In her acceptance speech, LePatner said, “Never in my wildest imagination could I have believed that I would be up on this stage two decades later [after attending her first UJA Wall Street dinner]. UJA has many super-powers, but its most important in my view is its power to create a sense of community and belonging, and that ability to create a sense of community and belonging matters now more than ever.”

She also explained that “UJA stepped in early and fixed my feeling out of place by connecting me with senior Goldman Sachs women who were further along in their careers and personal lives, but equally committed to their Jewish community and identity.”

“I was an American,” she said, “but I was first and foremost Jewish.”

LePatner was also a supporter of Israel, leading a solidarity mission with UJA after Hamas’s Oct. 7, 2023, invasion of and massacre across southern Israel.

“In the wake of Oct. 7, Wesley led a solidarity mission with UJA to Israel, demonstrating her enduring commitment in Israel’s moment of heartache,” the UJA Federation of New York said in its statement. “She lived with courage and conviction, instilling in her two children a deep love for Judaism and the Jewish people.”
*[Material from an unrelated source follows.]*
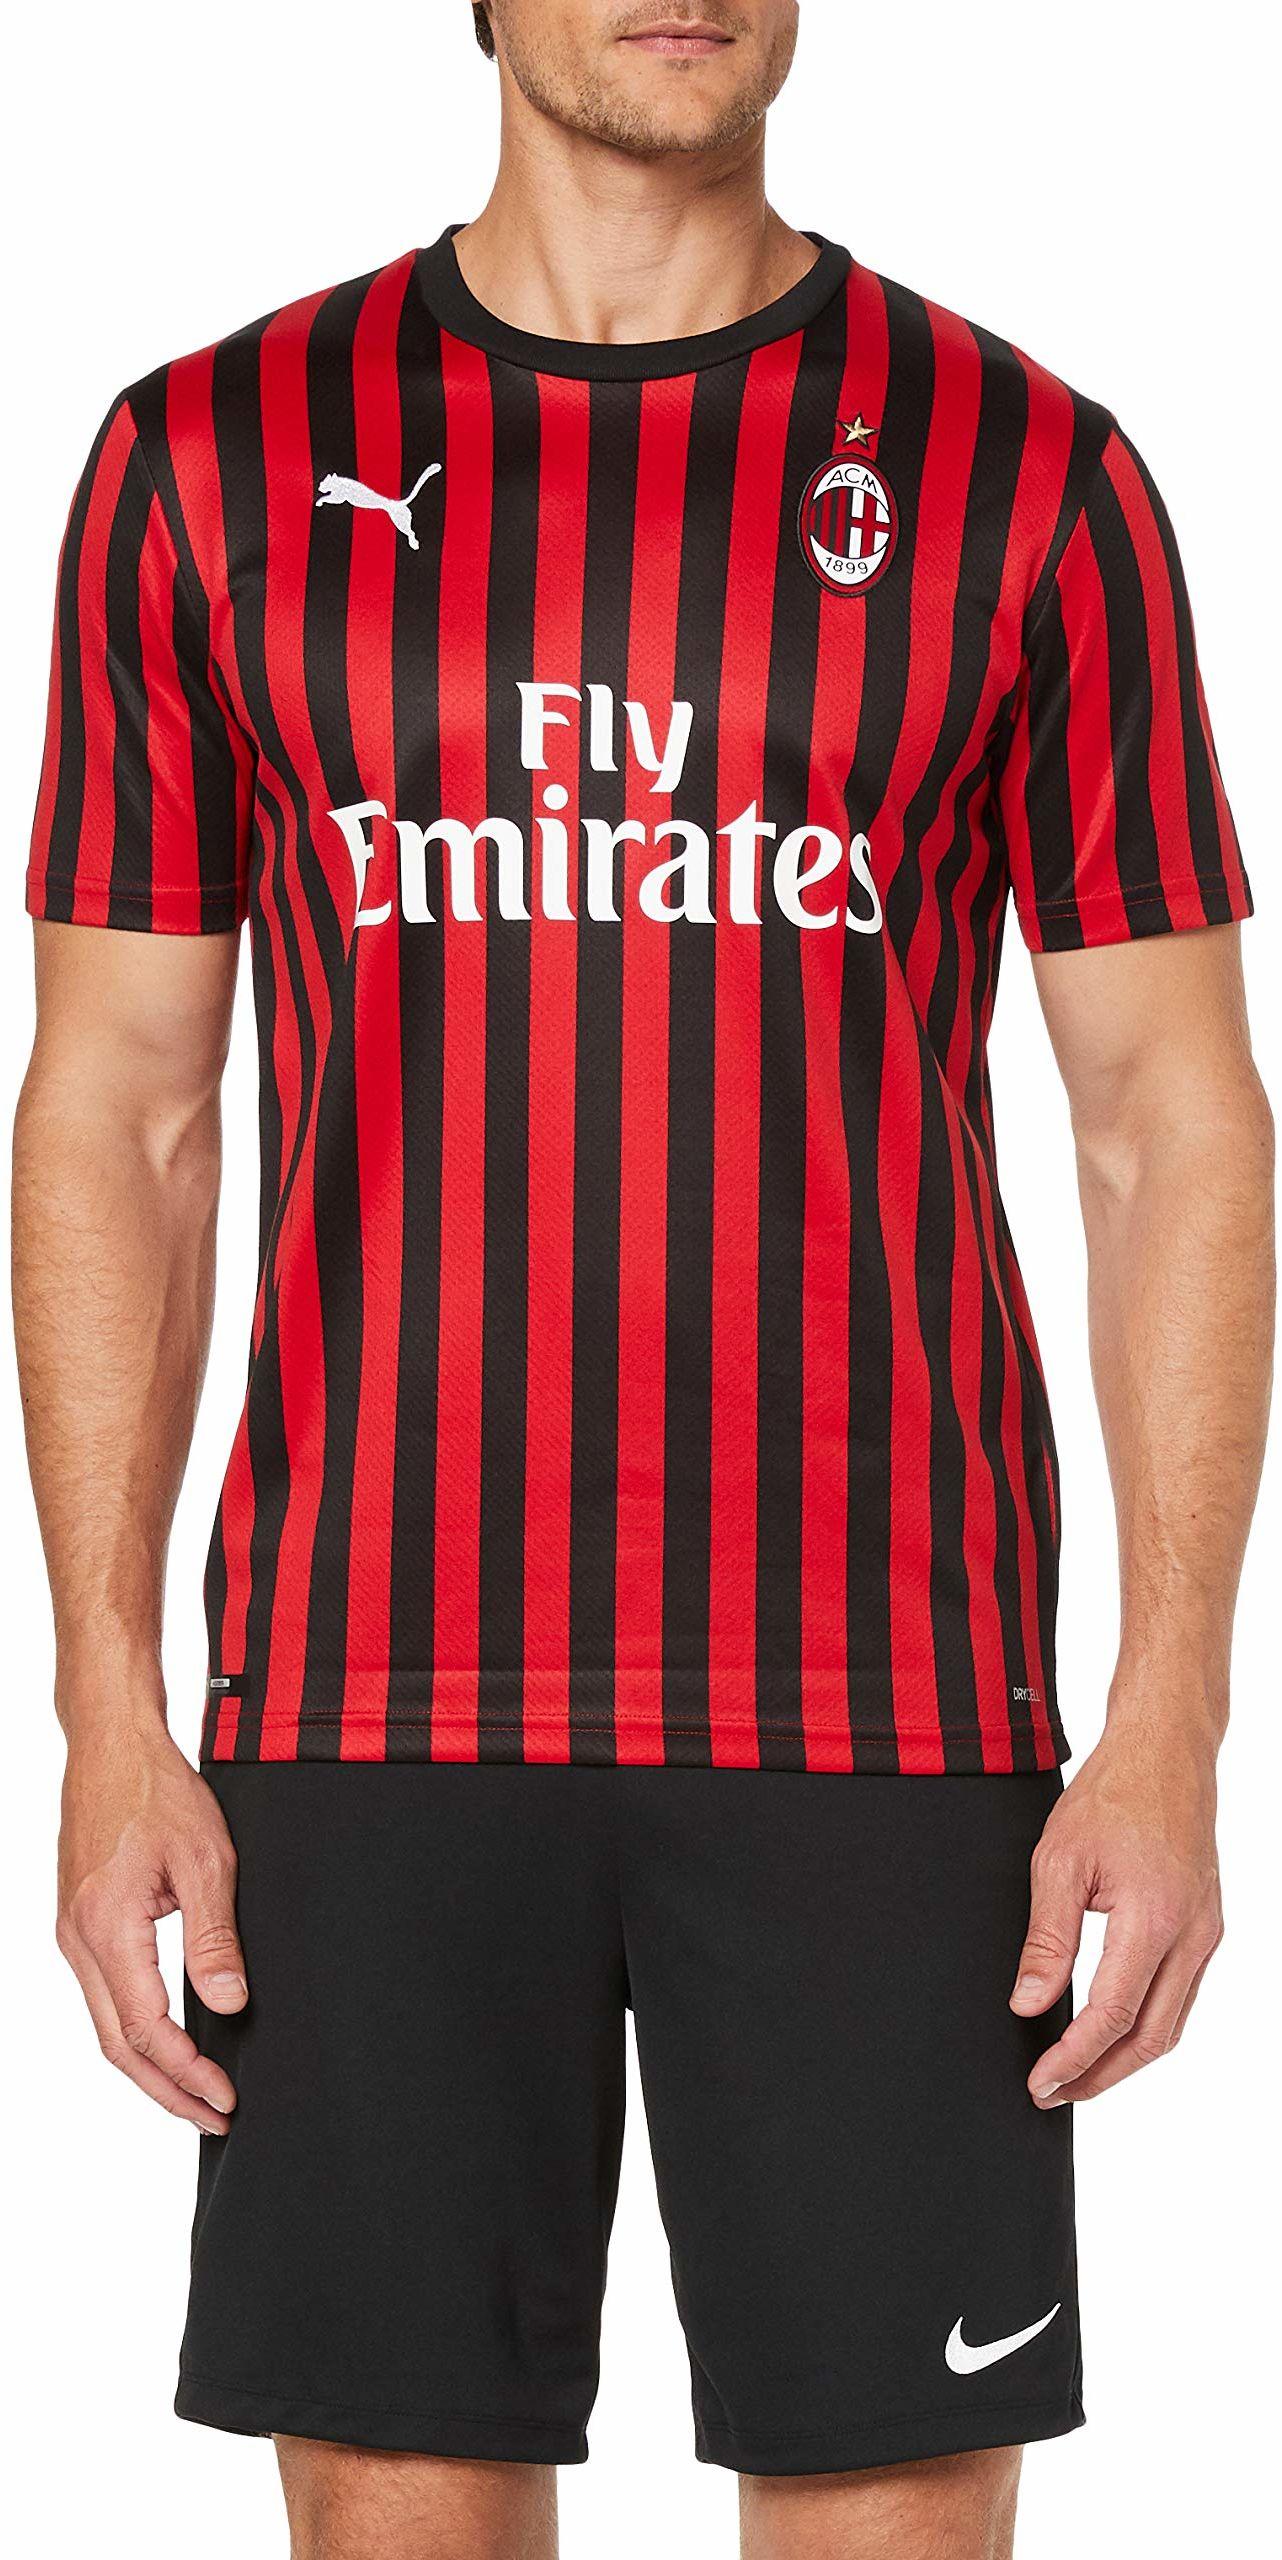 PUMA męska koszulka Ac Milan 1899 Home Shirt Repl. Top2 Player czerwony Tango Red/Puma Black L

In addition to serving on the board of directors of the New York UJA, she was also on the board of trustees at The Abraham Joshua Heschel School — a pluralistic Jewish day school in New York. The Forward reported that school representatives wrote in an email that “there are no right words for this unfathomable moment of pain and loss.”

“It was a rare z’chut, a rare privilege, to know Wesley and to learn from her. She was a uniquely brilliant and modest leader and parent, filled with wisdom, empathy, vision, and appreciation,” they continued.

David Greenfield, CEO of the Met Council, posted on X that “Wesley was an amazing person who was also tremendously talented leader. She volunteered with her kids [at the Met Council] to feed those in need.”

LePatner graduated from Yale summa cum laude and Phi Beta Kappa, and met her husband on the first day of school in 1999.

She is survived by her husband and two children.